→ WHAT TO DO:
Using the data below, set down every line from the one containing "Cheers to Manish" through the one containing "#barcodeindia #bci #workanniversary", inclusive and unchanged. Pictures are to be skipped.

→ RECORDED DATA:

┌──

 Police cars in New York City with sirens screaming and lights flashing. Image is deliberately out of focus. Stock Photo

└──
┌──

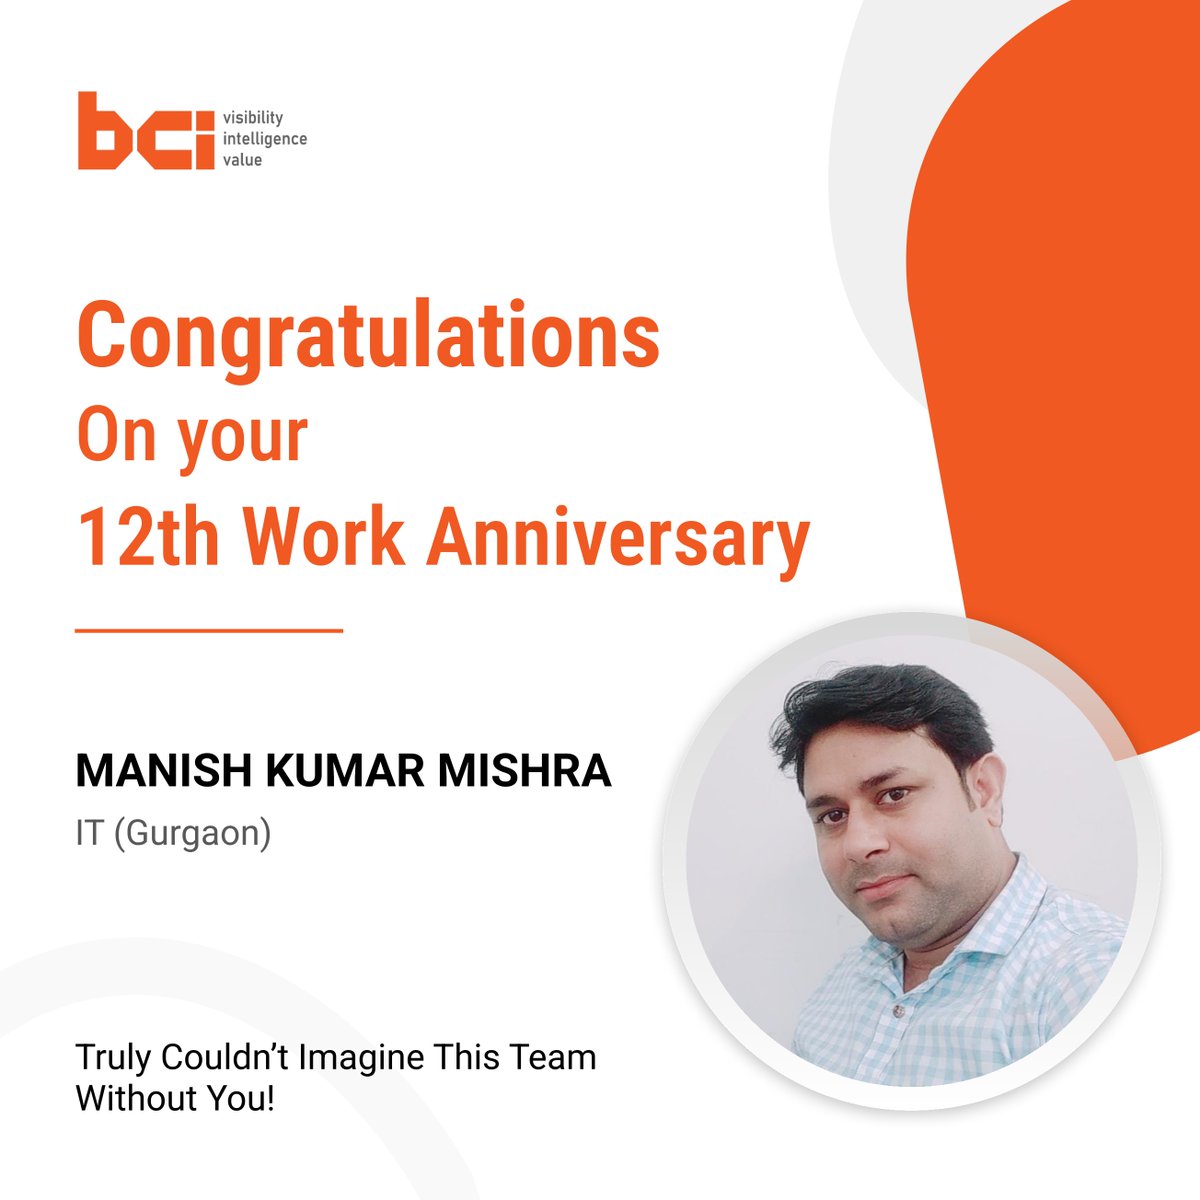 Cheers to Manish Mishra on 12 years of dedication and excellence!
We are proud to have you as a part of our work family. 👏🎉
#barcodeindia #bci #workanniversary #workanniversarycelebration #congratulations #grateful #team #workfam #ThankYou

└──

→ RESPONSE TO THE EXERCISE:
 Cheers to Manish Mishra on 12 years of dedication and excellence!
We are proud to have you as a part of our work family. 👏🎉
#barcodeindia #bci #workanniversary #workanniversarycelebration #congratulations #grateful #team #workfam #ThankYou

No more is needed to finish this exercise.